[[ RECORDS FOR THIS TASK, beginning ]]

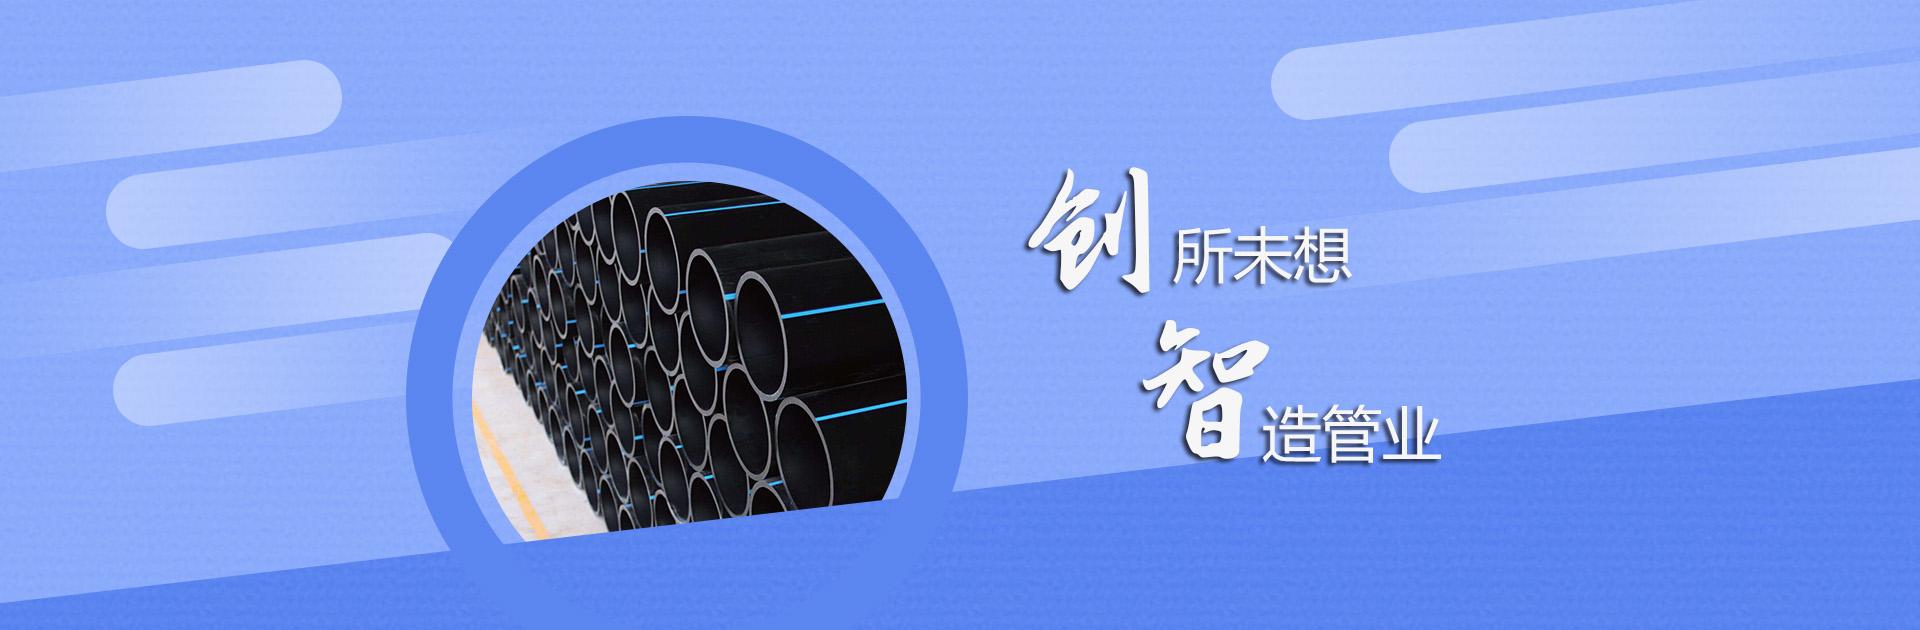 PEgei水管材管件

[[ RECORDS FOR THIS TASK, end ]]
[[ RECORDS FOR THIS TASK, beginning ]]

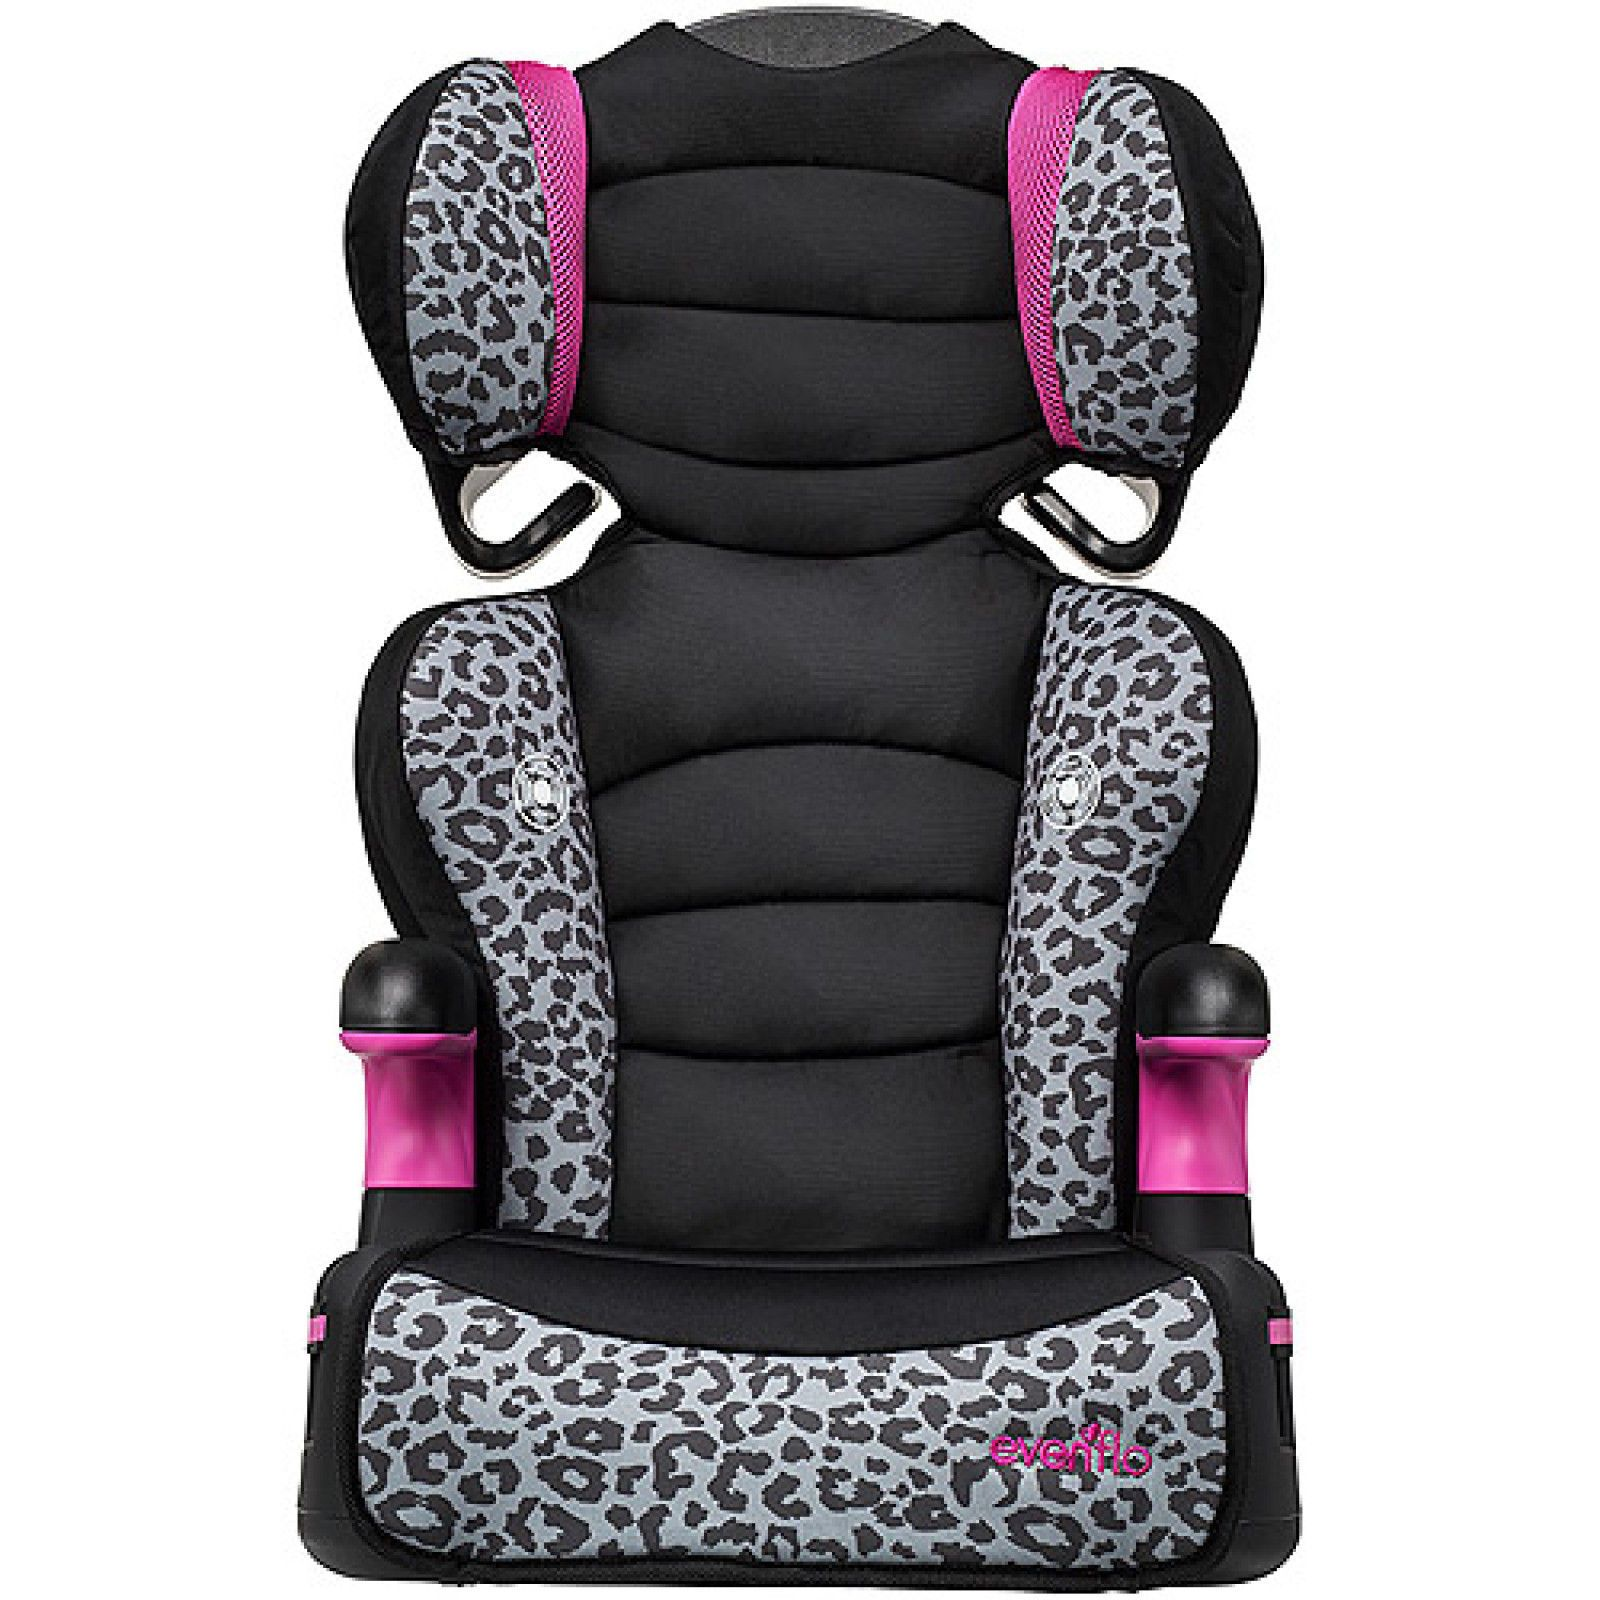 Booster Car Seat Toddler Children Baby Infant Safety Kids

[[ RECORDS FOR THIS TASK, end ]]
[[ RECORDS FOR THIS TASK, beginning ]]

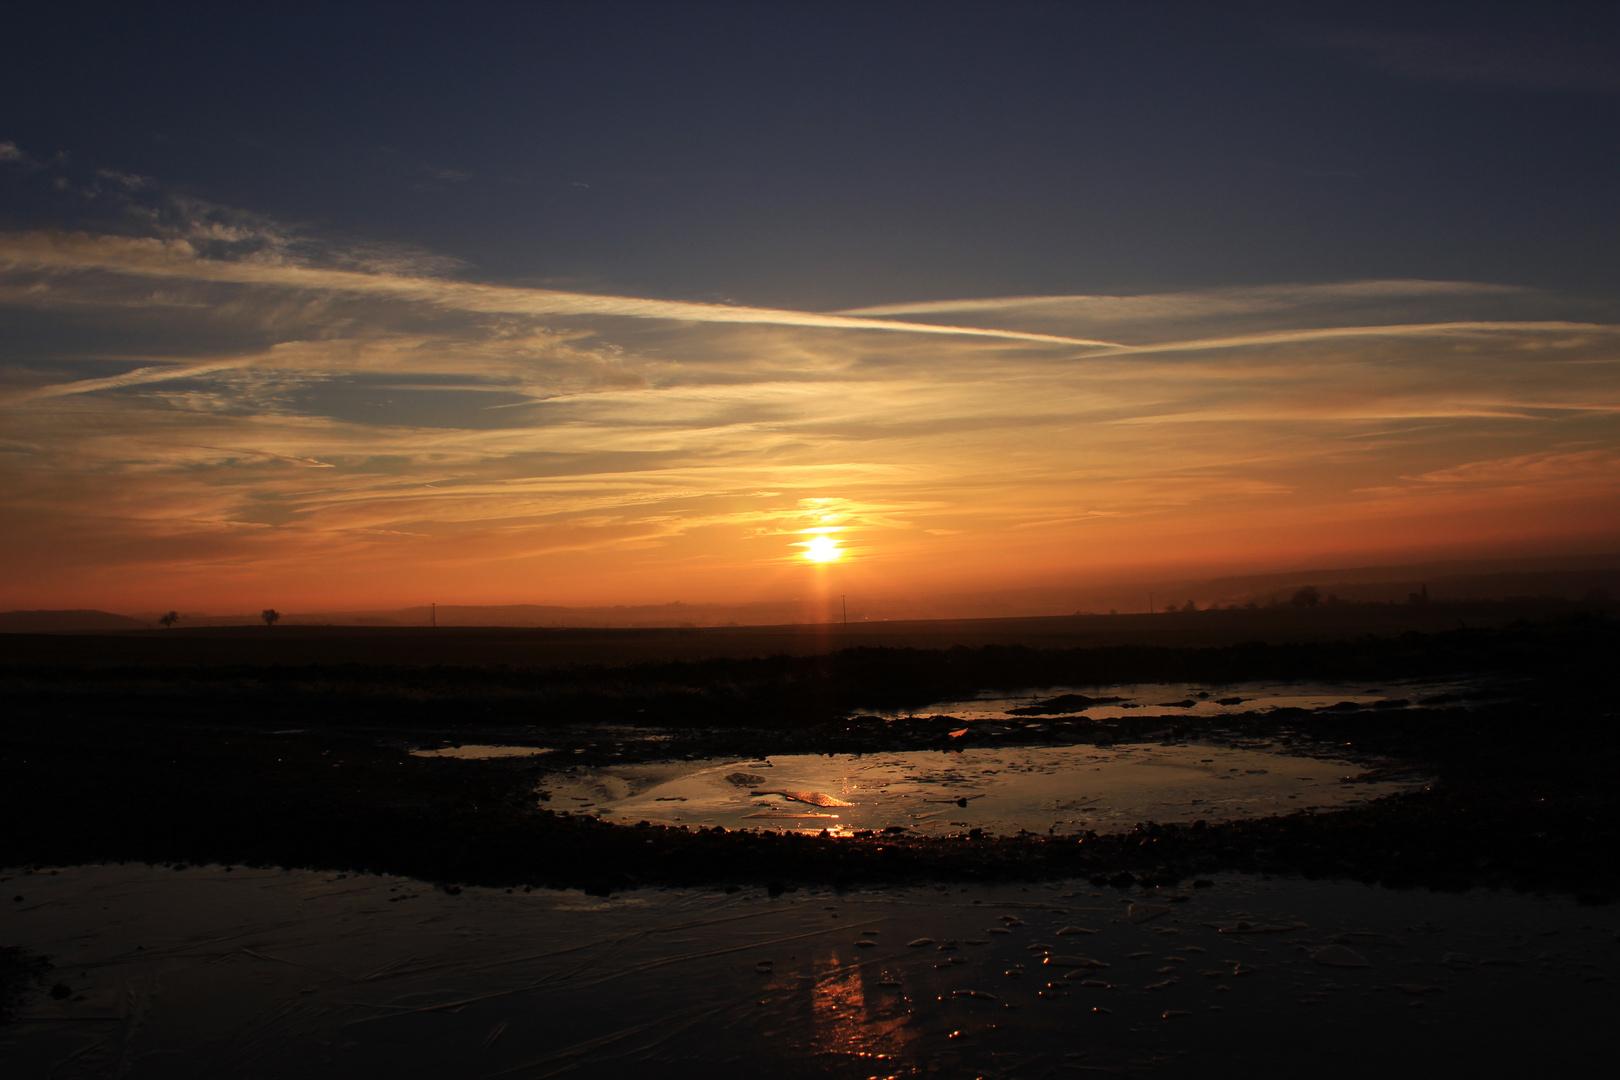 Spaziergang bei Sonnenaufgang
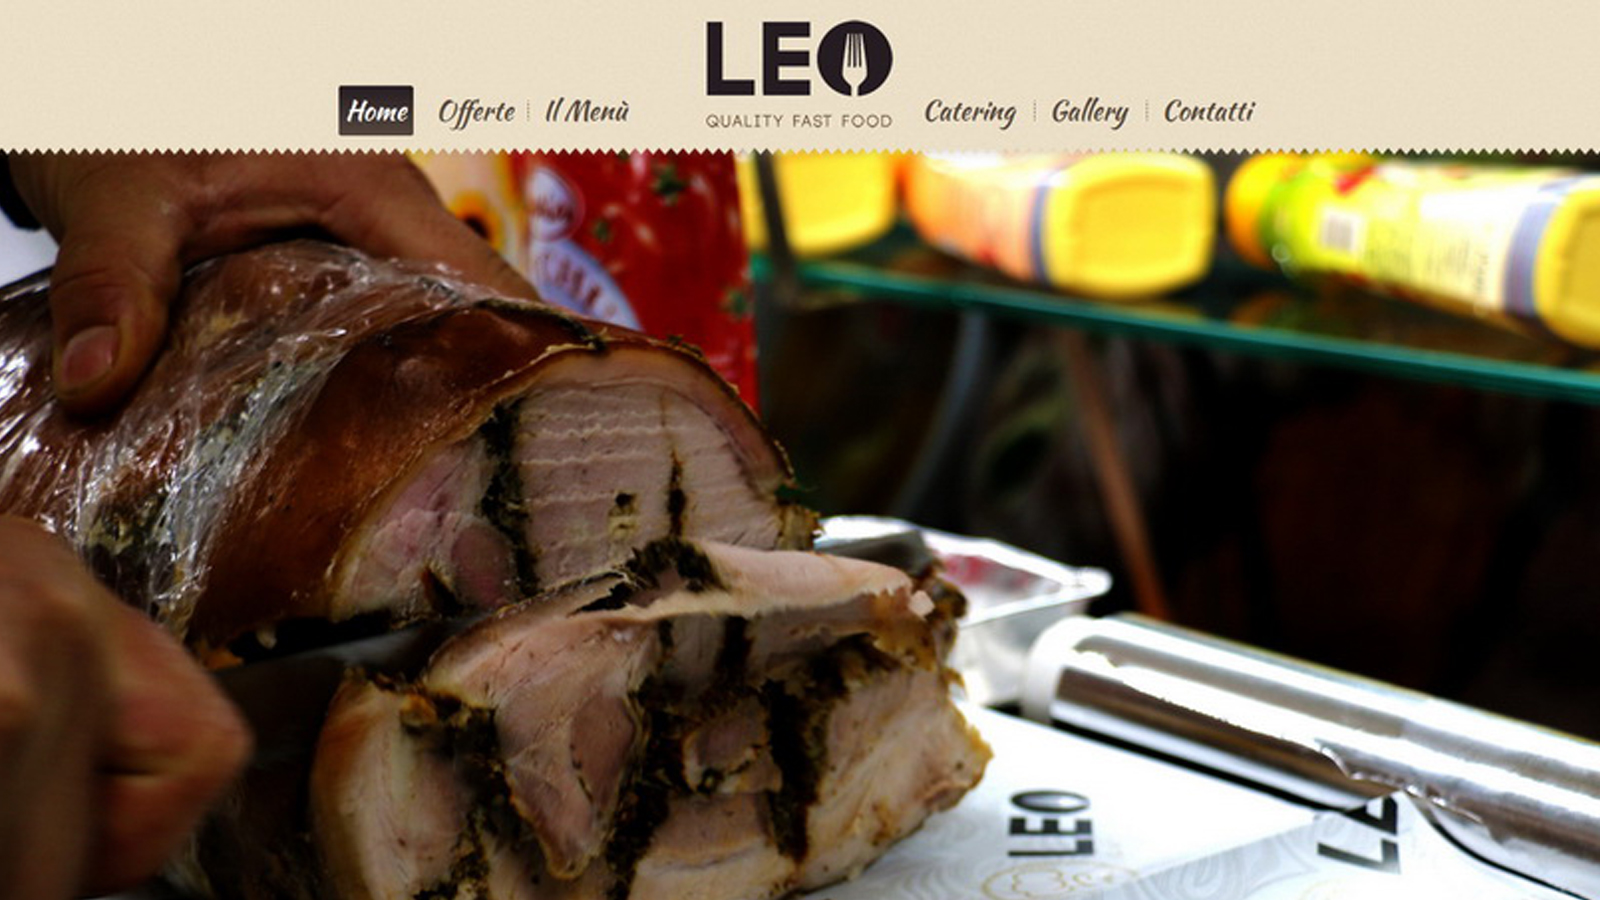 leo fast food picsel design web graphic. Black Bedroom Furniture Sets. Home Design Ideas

[[ RECORDS FOR THIS TASK, end ]]

Excerpt from the records above: set down only the lines from the one that contains "Spaziergang bei Sonnenaufgang" through the one that contains "leo fast food", inclusive, word for word. Pictures stay out.

 Spaziergang bei Sonnenaufgang
 leo fast food picsel design web graphic. Black Bedroom Furniture Sets. Home Design Ideas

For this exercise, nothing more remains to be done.